Flash floods in US east coast as Tropical Storm Henri makes landfall

Martha Fairlie reports as millions of Americans are urged to find safety

Flash floods have swept the US north east coast as Tropical Storm Henri made landfall, with millions fearing they could be about to experience the worst storm in decades.

The storm was downgraded from a hurricane on Sunday, but it still had sustained winds of about 60 mph and gusts of up to 70 mph when it hit the United States.

The high winds knocked out power to tens of thousands of homes and bands of rain led to flash flooding from New Jersey to Massachusetts.

Millions on New York’s Long Island and in southern New England braced for the possibility of flooding, toppled trees and extended power outages.

National Grid reported 74,000 customers without power in Rhode Island and EverSource is reporting nearly 20,000 customers out in Connecticut.

Several major bridges in Rhode Island, which stitch together much of the state, were briefly shuttered Sunday, and some coastal roads were nearly impassable. Hurricane warnings have been extended from coastal Connecticut and Rhode Island to near the old whaling port of New Bedford, Massachusetts, and across the luxurious estates of New York’s Hamptons to the summer getaway of Fire Island.

The first thunderstorms bringing what could be up to 15 cm of rain arrived late Saturday, and flash flooding began in some areas overnight. Bands of heavy rain overwhelmed storm drains and drivers plowed through foot-deep water in a few spots in New York City, and New Jersey's Newark and Hoboken. Tropical storm-intensity winds were expected to begin striking the coast at around 8 am.

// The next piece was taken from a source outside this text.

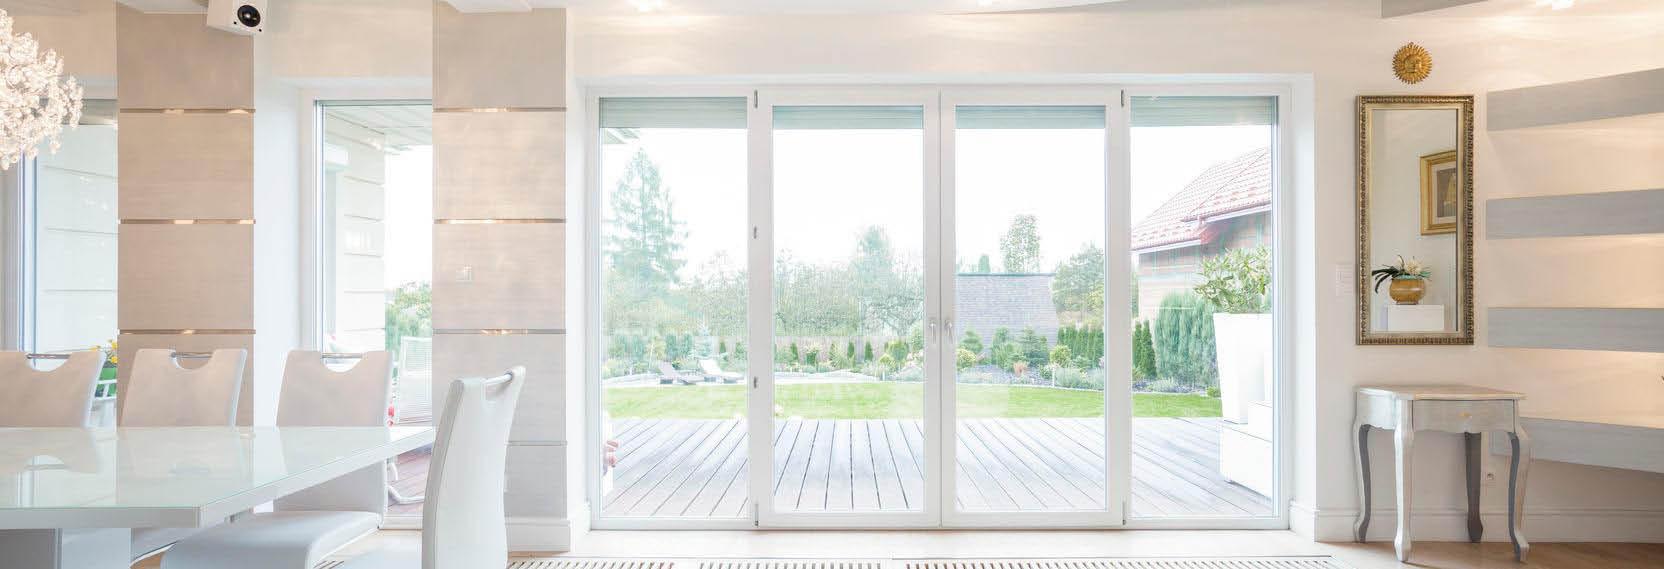 bowtie window cleaning window cleaners power washers dayton cincinnati ohio
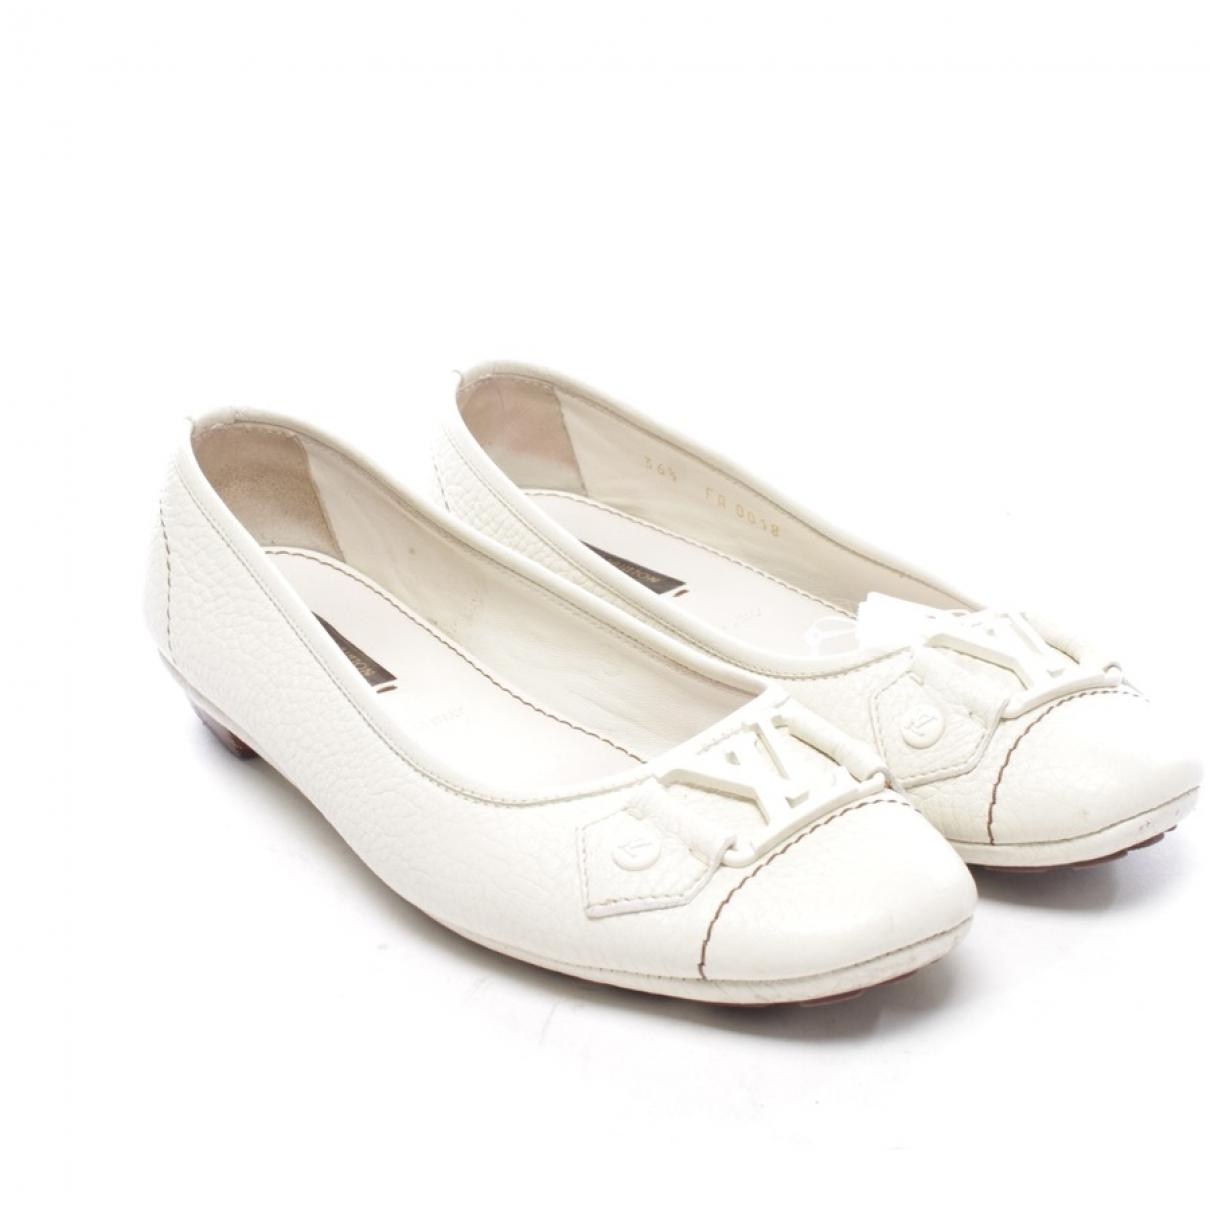 Bailarinas de Cuero Louis Vuitton

Residents and visitors on Fire Island, a narrow strip of sandy villages barely above sea level off Long Island’s southern coast, were urged to evacuate. The last boats out left before 11 pm Saturday and officials warned there might be no way to reach people left behind.

The evacuation threw a wrench into Kristen Pavese’s planned Fire Island bachelorette party. The group of 10 had intended to celebrate Saturday night, but ended up leaving on the ferry just a day after arriving. They had planned to stay until Monday.

“I’m upset about it, but it’s the weather. It’s nothing I can control,” said Pavese, a Long Island resident. “I’ve been going to Fire Island for a long time, so I’m sort of familiar with this happening.”

Approaching severe weather on Saturday night also cut short a superstar-laden concert in Central Park. The show headlined by Bruce Springsteen, Paul Simon and Jennifer Hudson was meant to celebrate New York City’s recovery from the coronavirus. But officials asked concertgoers to leave the park during Barry Manilow’s set amid the threat of lightning.

Barry Manilow's set is cut short as Henri thwarts a Central Park concert

Governor Andrew Cuomo, set to leave office Monday after resigning over a sexual harassment scandal, emerged on Saturday to plead with New York residents to make last-minute preparations, warning that heavy rain, wind and storm surge from Henri could be as devastating as Superstorm Sandy back in 2012.

“We have short notice. We’re talking about tomorrow,” Cuomo said in one of his final forays before TV cameras, a setting that shot him to fame during the worst of the pandemic last year.

“So if you have to move, if you have to stock up, if you have to get to higher ground, it has to be today. Please.”

Major airports in the region remained open as the storm approached, though hundreds of Sunday’s flights were cancelled. Service on some branches of New York City’s commuter rail system was suspended through Sunday, as was Amtrak service between New York and Boston. The White House said President Joe Biden discussed preparations with northeastern governors and that New York Lieutenant Governor Kathy Hochul, who succeeds Cuomo on Tuesday, also participated. Biden later began approving emergency declarations with Rhode Island.

New York hasn’t had a direct hit from a powerful cyclone since Superstorm Sandy wreaked havoc in 2012. Some of the most important repairs from that storm have been completed, but many projects designed to protect against future storms remain unfinished.

James Masog and Gary Tavares board up the glass doors of a client's house in Charlestown, Rhode Island, ahead of Hurricane Henri's arrival. Credit: AP

Regardless of its exact landfall, broad impacts were expected across a large swath of the Northeast, extending inland to Hartford, Connecticut, and Albany, New York, and eastward to Cape Cod, which is teeming with tens of thousands of summer tourists. In the Hamptons, the celebrity playground on Long Island’s east end, officials warned of dangerous rip currents and flooding that’s likely to turn streets like the mansion-lined Dune Road into lagoons. “We have a lot of wealthy people. There’s no doubt that we do, but everybody pulls together in an emergency,” Jay Schneiderman, supervisor for Southampton, a town in the Hamptons, said.

“There are people hanging out on their yachts at the moment drinking martinis, but they’re also starting to talk about this storm and I’m sure they’re going to want to be helpful.”